## [Saved data entries]
====
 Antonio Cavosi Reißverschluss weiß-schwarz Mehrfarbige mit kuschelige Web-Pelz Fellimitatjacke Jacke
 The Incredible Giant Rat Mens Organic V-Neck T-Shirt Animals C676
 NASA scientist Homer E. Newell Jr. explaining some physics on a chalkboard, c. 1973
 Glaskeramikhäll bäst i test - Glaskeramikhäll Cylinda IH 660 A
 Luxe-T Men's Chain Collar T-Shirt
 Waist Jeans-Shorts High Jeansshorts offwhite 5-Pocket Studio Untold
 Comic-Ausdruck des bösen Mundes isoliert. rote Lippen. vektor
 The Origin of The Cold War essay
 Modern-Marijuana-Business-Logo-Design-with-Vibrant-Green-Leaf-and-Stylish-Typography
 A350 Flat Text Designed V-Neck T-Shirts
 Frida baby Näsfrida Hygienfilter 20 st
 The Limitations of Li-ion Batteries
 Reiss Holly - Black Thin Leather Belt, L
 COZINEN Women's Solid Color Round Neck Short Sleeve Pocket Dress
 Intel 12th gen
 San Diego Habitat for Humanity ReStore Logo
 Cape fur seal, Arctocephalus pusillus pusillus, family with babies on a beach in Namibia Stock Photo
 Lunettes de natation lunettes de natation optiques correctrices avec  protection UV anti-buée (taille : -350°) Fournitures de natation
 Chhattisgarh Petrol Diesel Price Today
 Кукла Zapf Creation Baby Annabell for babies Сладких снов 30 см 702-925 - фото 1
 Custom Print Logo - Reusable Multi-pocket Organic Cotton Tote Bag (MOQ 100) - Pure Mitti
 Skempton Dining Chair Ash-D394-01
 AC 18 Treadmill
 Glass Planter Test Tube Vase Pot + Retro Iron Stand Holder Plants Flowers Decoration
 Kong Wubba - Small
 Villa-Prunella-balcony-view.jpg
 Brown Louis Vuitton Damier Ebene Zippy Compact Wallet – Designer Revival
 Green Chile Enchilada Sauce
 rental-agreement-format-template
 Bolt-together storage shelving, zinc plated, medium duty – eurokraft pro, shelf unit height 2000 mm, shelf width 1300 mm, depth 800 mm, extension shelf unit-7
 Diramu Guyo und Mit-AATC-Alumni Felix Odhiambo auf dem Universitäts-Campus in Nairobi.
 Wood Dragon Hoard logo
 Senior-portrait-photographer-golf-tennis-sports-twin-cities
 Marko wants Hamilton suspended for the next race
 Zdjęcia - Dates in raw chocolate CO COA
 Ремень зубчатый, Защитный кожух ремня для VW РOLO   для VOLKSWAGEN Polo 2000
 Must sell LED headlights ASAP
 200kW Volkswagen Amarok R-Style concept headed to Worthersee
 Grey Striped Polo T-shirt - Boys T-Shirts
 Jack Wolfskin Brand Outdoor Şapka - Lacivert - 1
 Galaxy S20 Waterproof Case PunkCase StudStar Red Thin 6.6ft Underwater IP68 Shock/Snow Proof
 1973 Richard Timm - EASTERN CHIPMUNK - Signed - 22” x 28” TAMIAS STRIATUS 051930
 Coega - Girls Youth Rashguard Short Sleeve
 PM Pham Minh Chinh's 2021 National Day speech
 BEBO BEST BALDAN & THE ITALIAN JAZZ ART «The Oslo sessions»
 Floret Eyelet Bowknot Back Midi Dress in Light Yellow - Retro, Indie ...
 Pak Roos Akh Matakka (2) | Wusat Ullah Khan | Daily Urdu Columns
====
## [Aim of the task]
Print the records again in their entirety, character for character.

## [Completed exercise]
 Antonio Cavosi Reißverschluss weiß-schwarz Mehrfarbige mit kuschelige Web-Pelz Fellimitatjacke Jacke
 The Incredible Giant Rat Mens Organic V-Neck T-Shirt Animals C676
 NASA scientist Homer E. Newell Jr. explaining some physics on a chalkboard, c. 1973
 Glaskeramikhäll bäst i test - Glaskeramikhäll Cylinda IH 660 A
 Luxe-T Men's Chain Collar T-Shirt
 Waist Jeans-Shorts High Jeansshorts offwhite 5-Pocket Studio Untold
 Comic-Ausdruck des bösen Mundes isoliert. rote Lippen. vektor
 The Origin of The Cold War essay
 Modern-Marijuana-Business-Logo-Design-with-Vibrant-Green-Leaf-and-Stylish-Typography
 A350 Flat Text Designed V-Neck T-Shirts
 Frida baby Näsfrida Hygienfilter 20 st
 The Limitations of Li-ion Batteries
 Reiss Holly - Black Thin Leather Belt, L
 COZINEN Women's Solid Color Round Neck Short Sleeve Pocket Dress
 Intel 12th gen
 San Diego Habitat for Humanity ReStore Logo
 Cape fur seal, Arctocephalus pusillus pusillus, family with babies on a beach in Namibia Stock Photo
 Lunettes de natation lunettes de natation optiques correctrices avec  protection UV anti-buée (taille : -350°) Fournitures de natation
 Chhattisgarh Petrol Diesel Price Today
 Кукла Zapf Creation Baby Annabell for babies Сладких снов 30 см 702-925 - фото 1
 Custom Print Logo - Reusable Multi-pocket Organic Cotton Tote Bag (MOQ 100) - Pure Mitti
 Skempton Dining Chair Ash-D394-01
 AC 18 Treadmill
 Glass Planter Test Tube Vase Pot + Retro Iron Stand Holder Plants Flowers Decoration
 Kong Wubba - Small
 Villa-Prunella-balcony-view.jpg
 Brown Louis Vuitton Damier Ebene Zippy Compact Wallet – Designer Revival
 Green Chile Enchilada Sauce
 rental-agreement-format-template
 Bolt-together storage shelving, zinc plated, medium duty – eurokraft pro, shelf unit height 2000 mm, shelf width 1300 mm, depth 800 mm, extension shelf unit-7
 Diramu Guyo und Mit-AATC-Alumni Felix Odhiambo auf dem Universitäts-Campus in Nairobi.
 Wood Dragon Hoard logo
 Senior-portrait-photographer-golf-tennis-sports-twin-cities
 Marko wants Hamilton suspended for the next race
 Zdjęcia - Dates in raw chocolate CO COA
 Ремень зубчатый, Защитный кожух ремня для VW РOLO   для VOLKSWAGEN Polo 2000
 Must sell LED headlights ASAP
 200kW Volkswagen Amarok R-Style concept headed to Worthersee
 Grey Striped Polo T-shirt - Boys T-Shirts
 Jack Wolfskin Brand Outdoor Şapka - Lacivert - 1
 Galaxy S20 Waterproof Case PunkCase StudStar Red Thin 6.6ft Underwater IP68 Shock/Snow Proof
 1973 Richard Timm - EASTERN CHIPMUNK - Signed - 22” x 28” TAMIAS STRIATUS 051930
 Coega - Girls Youth Rashguard Short Sleeve
 PM Pham Minh Chinh's 2021 National Day speech
 BEBO BEST BALDAN & THE ITALIAN JAZZ ART «The Oslo sessions»
 Floret Eyelet Bowknot Back Midi Dress in Light Yellow - Retro, Indie ...
 Pak Roos Akh Matakka (2) | Wusat Ullah Khan | Daily Urdu Columns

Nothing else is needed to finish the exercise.